False Statements

Limited Purpose Corporate Officers

Action Date: August 31, 2011
Location: TALLAHASSEE, FL

A STATEMENT ON MORTGAGE FRAUD THAT EVERY ATTORNEY GENERAL COULD ISSUE TODAY

There has been widespread, well-documented abuse of corporate officer titles by banks, mortgage companies and mortgage servicing companies on mortgage-related documents.

Individuals who are not corporate officers have been directed to sign as if they were corporate officers, particularly on documents used as evidence in mortgage foreclosure cases.

These individuals most often lack education, experience and training that would otherwise qualify them to be a corporate officer.

These individuals often list addresses directly underneath their signatures where they are not and never have been physically located.

In many cases, a designee of the board of directors authorizes such signing by issuing a corporate resolution authorizing this very limited use of the corporate officer title.

In many cases, a corporate resolution is also used to authorize non-employees (individuals employed by other corporations) to sign as officers of banks, mortgage companies and mortgage servicing companies.

The individuals signing as corporate officers are not disclosed as corporate officers on corporations’ annual filings with the state Division of Corporations.

The individuals signing as corporate officers are not disclosed as corporate officers to insurance companies that issue Director & Officer policies or other insurance policies.

In the mortgage industry, MERS (the Mortgage Electronic Registration System) allows corporate officers of its members to sign as corporate officers of MERS.

The Limited Purpose Corporate Officers often sign as MERS officers.
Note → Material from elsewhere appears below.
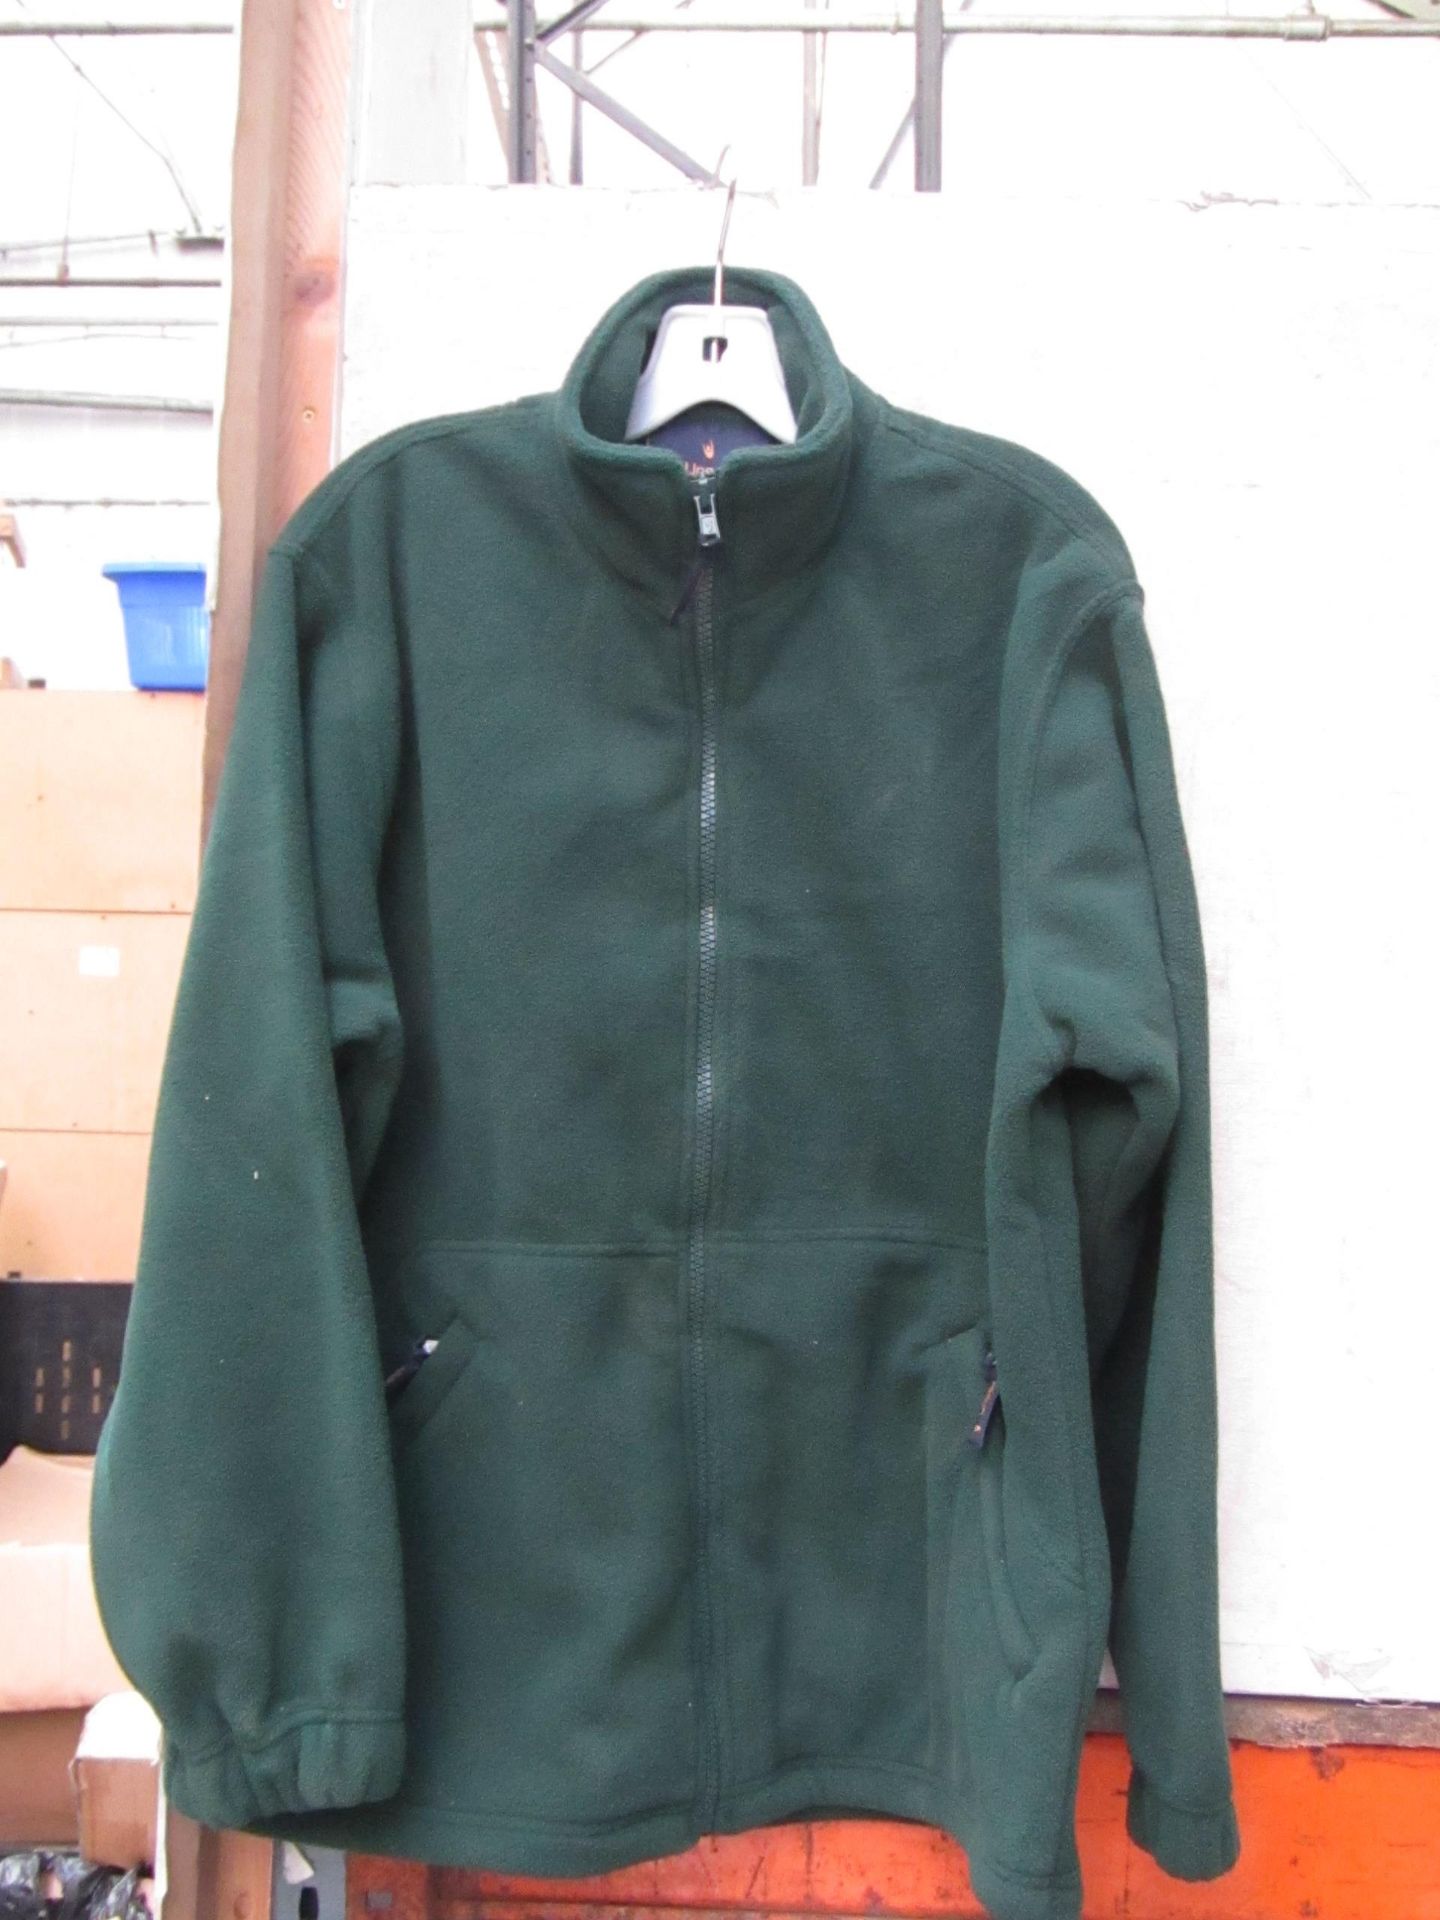 Uneek Premium Green Fleece jacket, new, size Medium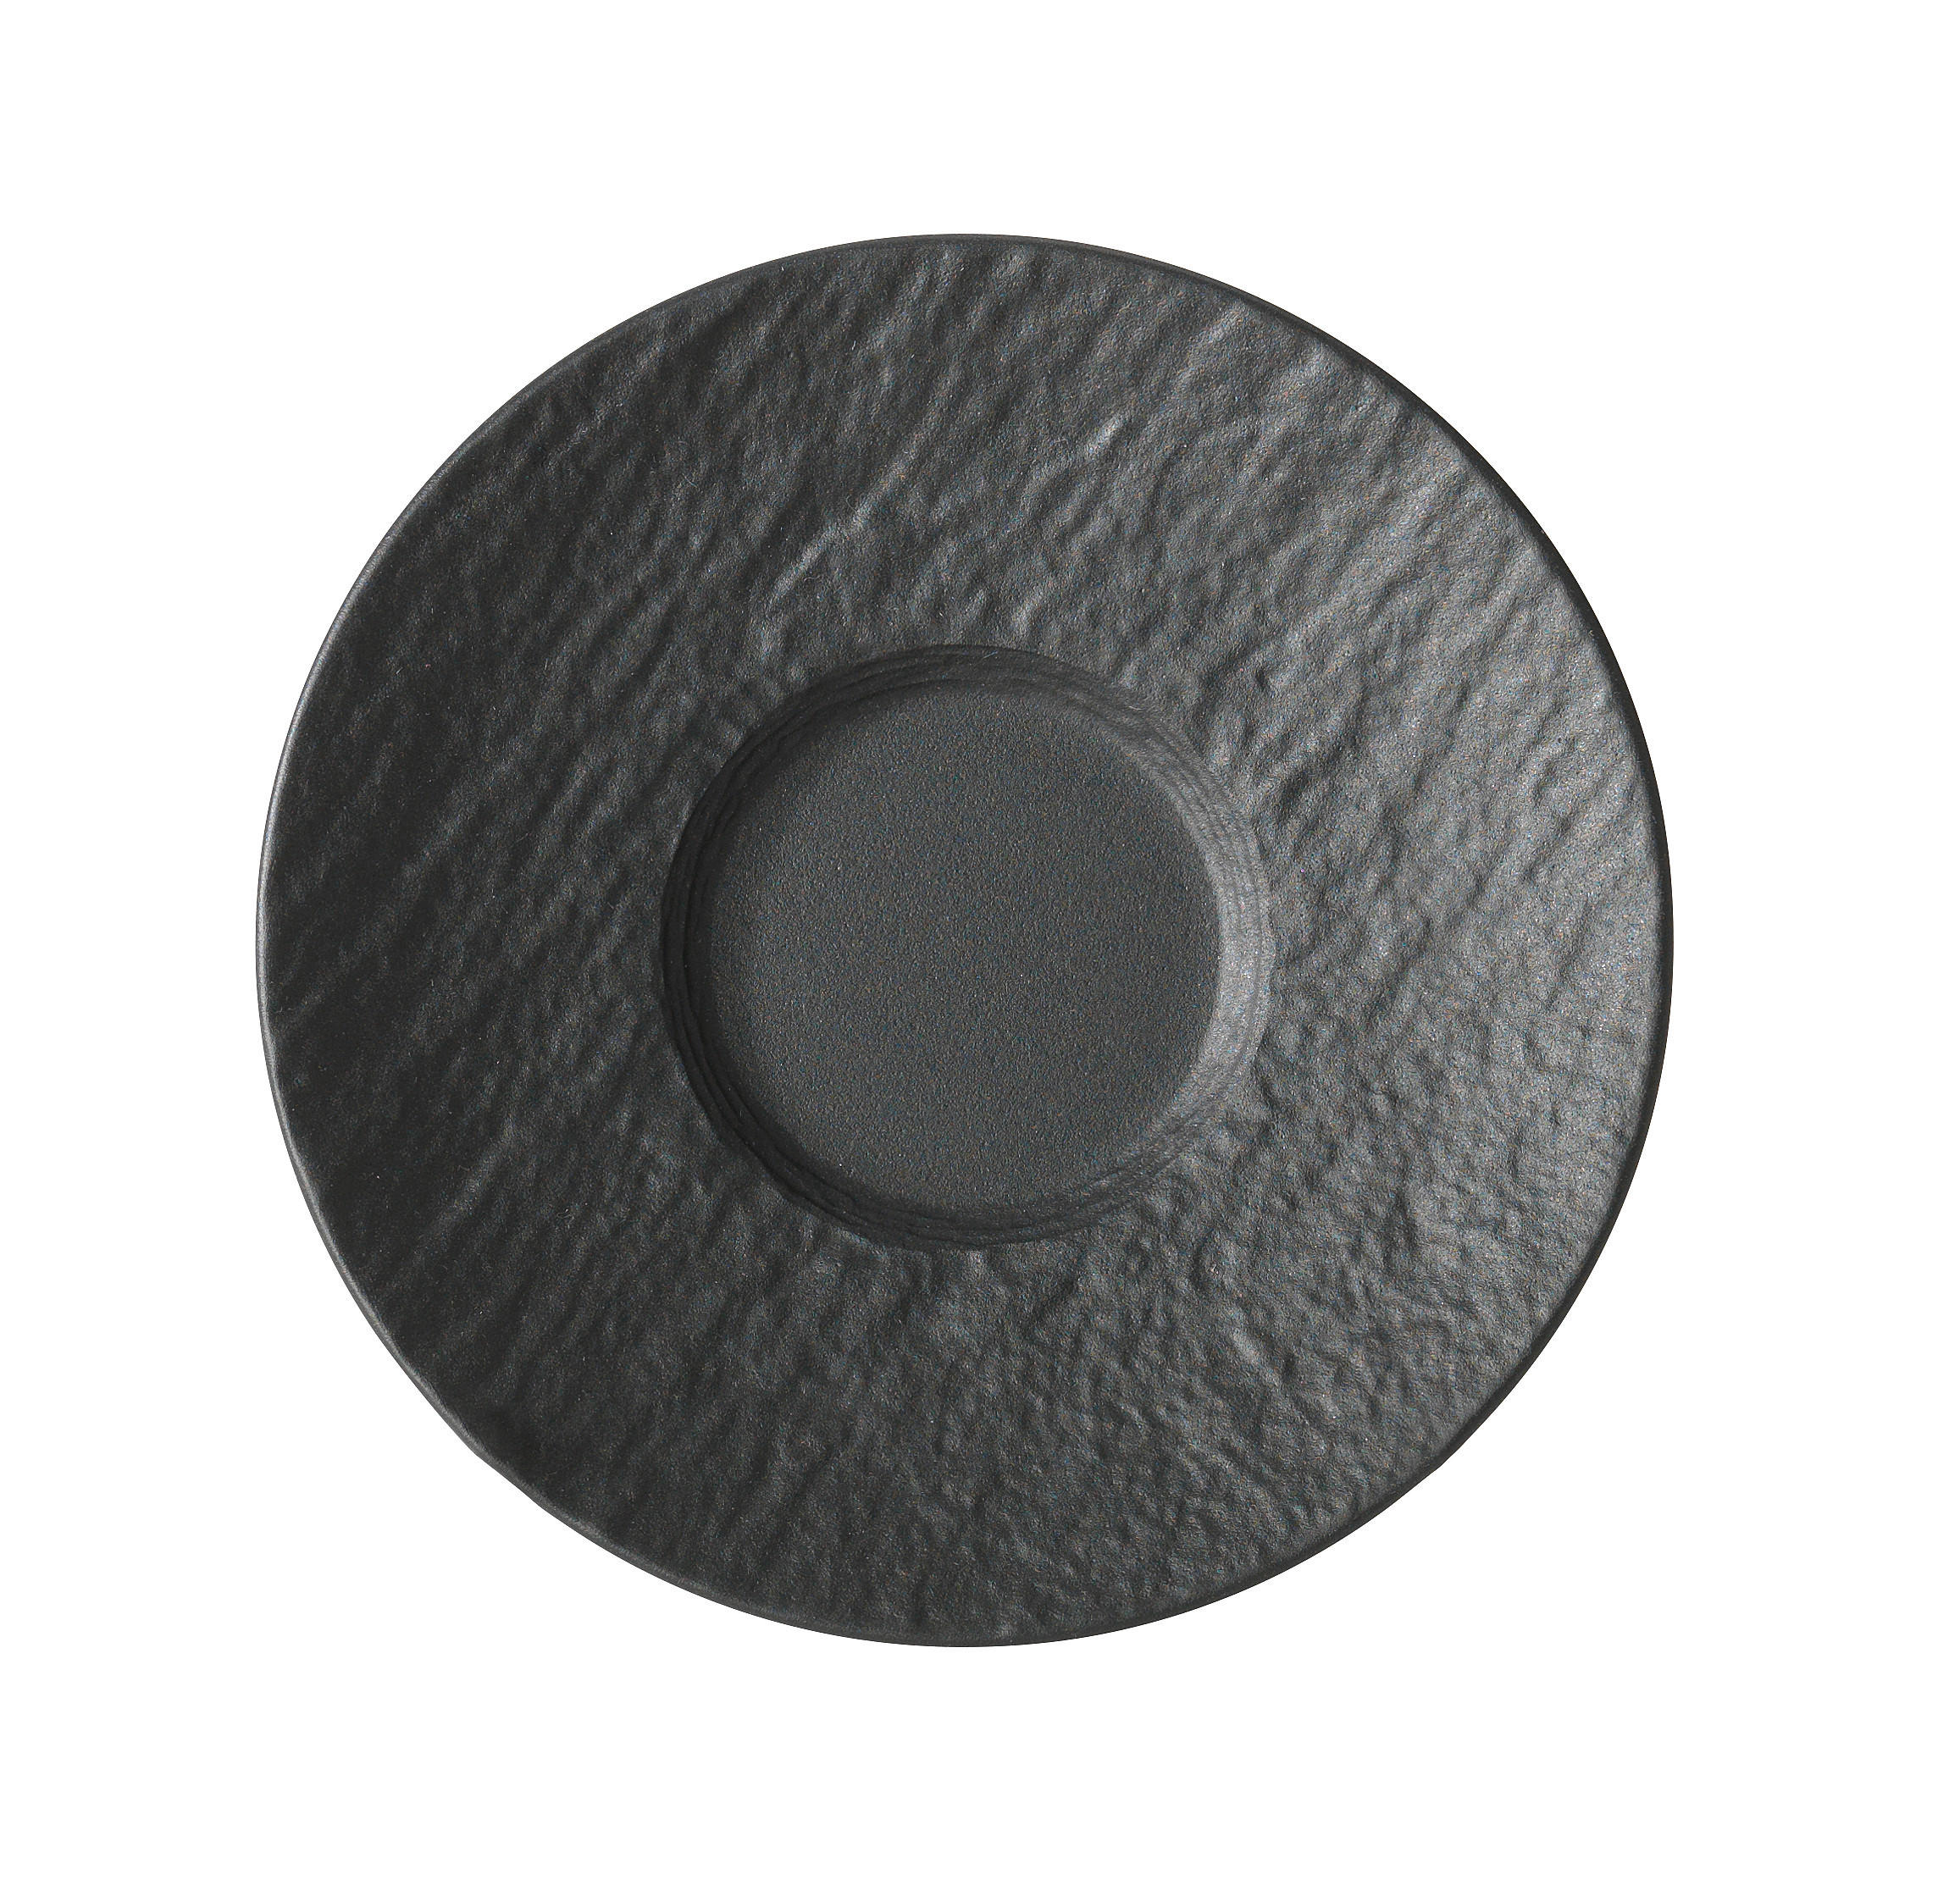 ESPRESSO-UNTERTASSE MANUFACTURE ROCK 12 cm  - Schwarz, Design, Keramik (12cm) - Villeroy & Boch

EXAMPLE: Linda Green, a former employee of a mortgage servicing company, Lender Processing Services, signed thousands of mortgage documents as a corporate officer of American Home Mortgage, American Brokers Conduit, American Home Mortgage Acceptance, and Mortgage Electronic Registration Systems, Inc.

Judges, county recorders, homeowners, home buyers, title insurers and others have given undeserved credence to mortgage documents that have been signed by these Limited Purpose Corporate Officers, not knowing that an individual signing as an officer of a bank or mortgage company was not, in fact, even a clerical employee of that bank or mortgage company.

It is the determination of the Attorney General that such use of Limited Purpose Corporate Officer titles on mortgage documents is an Unfair and Deceptive Trade Practice and must cease immediately.

All individuals signing mortgage-related documents:

1. must sign their own names using a full signature (not a check mark, initials or other symbol);

2. must set forth immediately underneath their signature the name of their actual employer and the address of their employer where they were located when they signed the document;

3. no corporate officer title may be used unless such officer is an officer for all purposes.